:: Your instructions ::
Given the records below, would you repeat exactly the lines that begin at the one containing "Vtg 2001 Old" and end at the one containing "19 settembre - Talk like a pirate day", inclusive?

:: Input material ::
= Beginning of Section =

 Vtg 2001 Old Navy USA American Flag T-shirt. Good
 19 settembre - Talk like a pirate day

= End of Section =
= Beginning of Section =

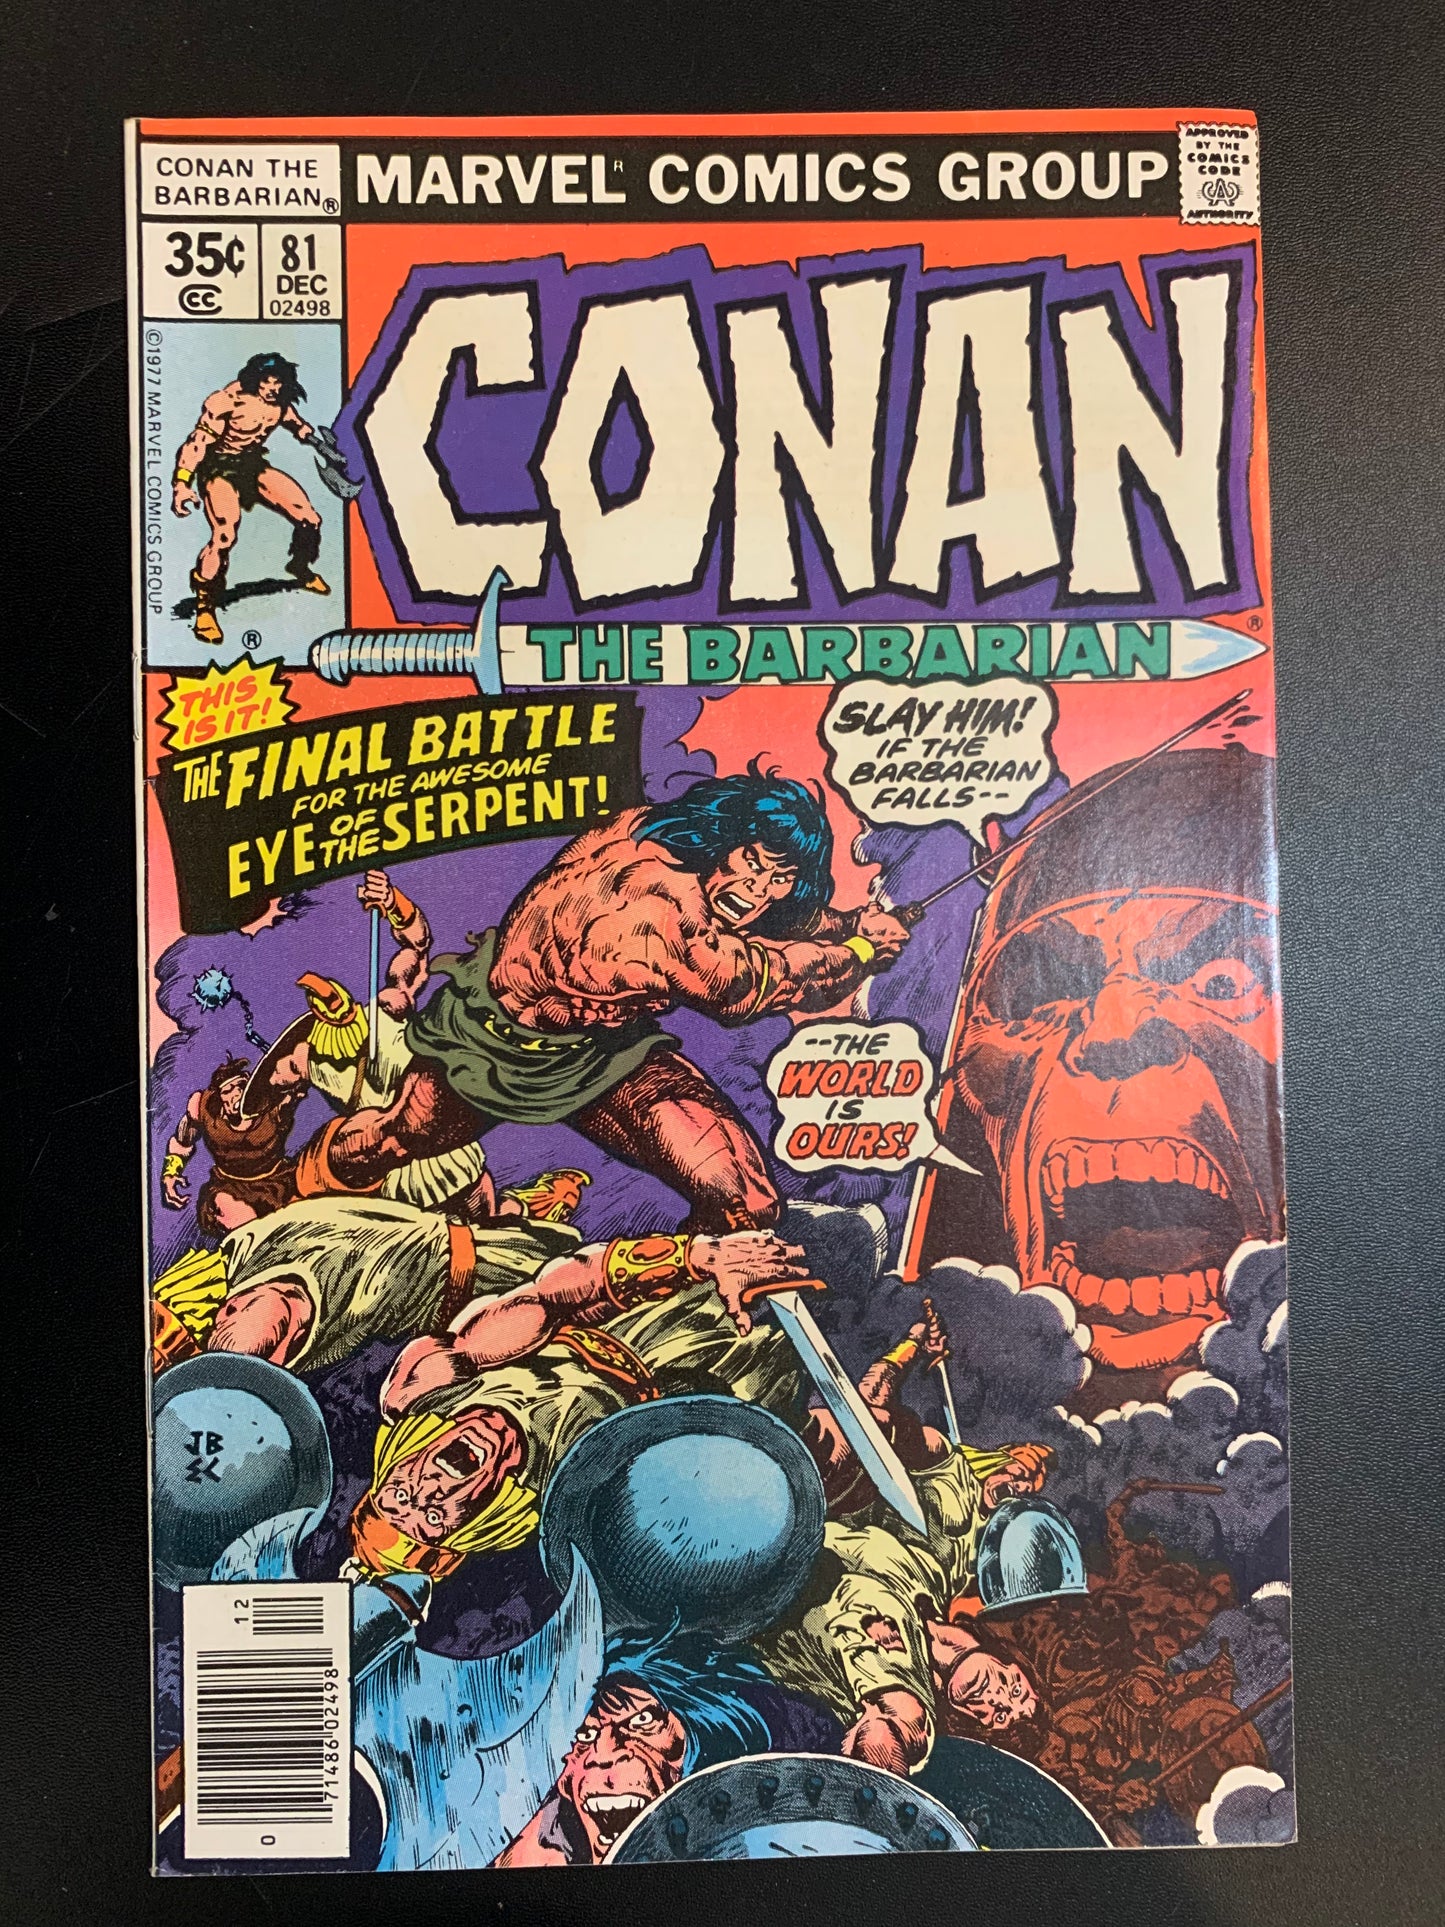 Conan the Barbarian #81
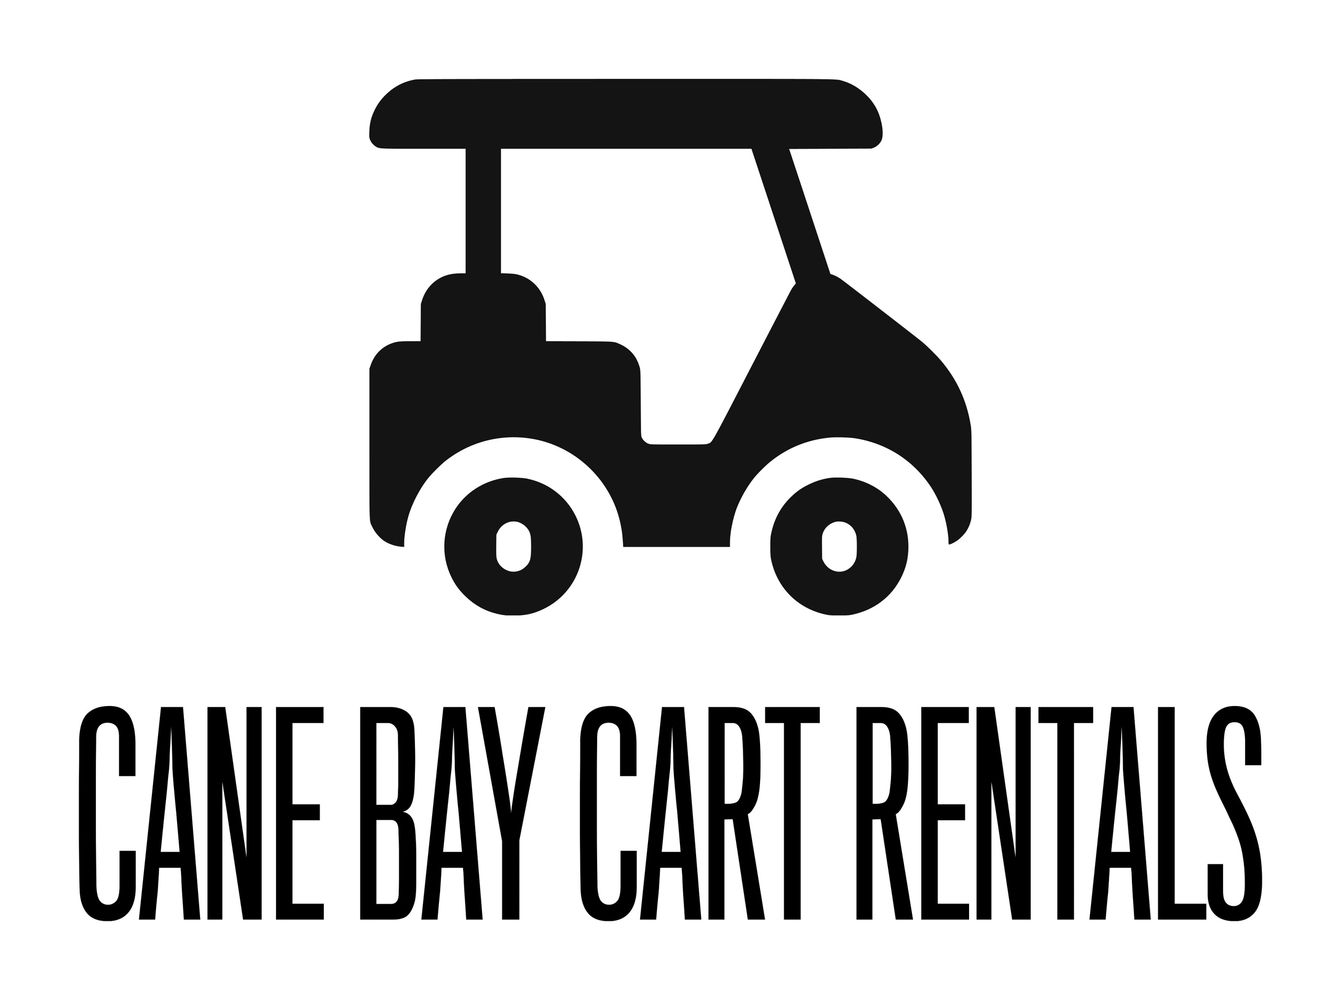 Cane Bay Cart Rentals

= End of Section =

:: Final answer ::
 Vtg 2001 Old Navy USA American Flag T-shirt. Good
 19 settembre - Talk like a pirate day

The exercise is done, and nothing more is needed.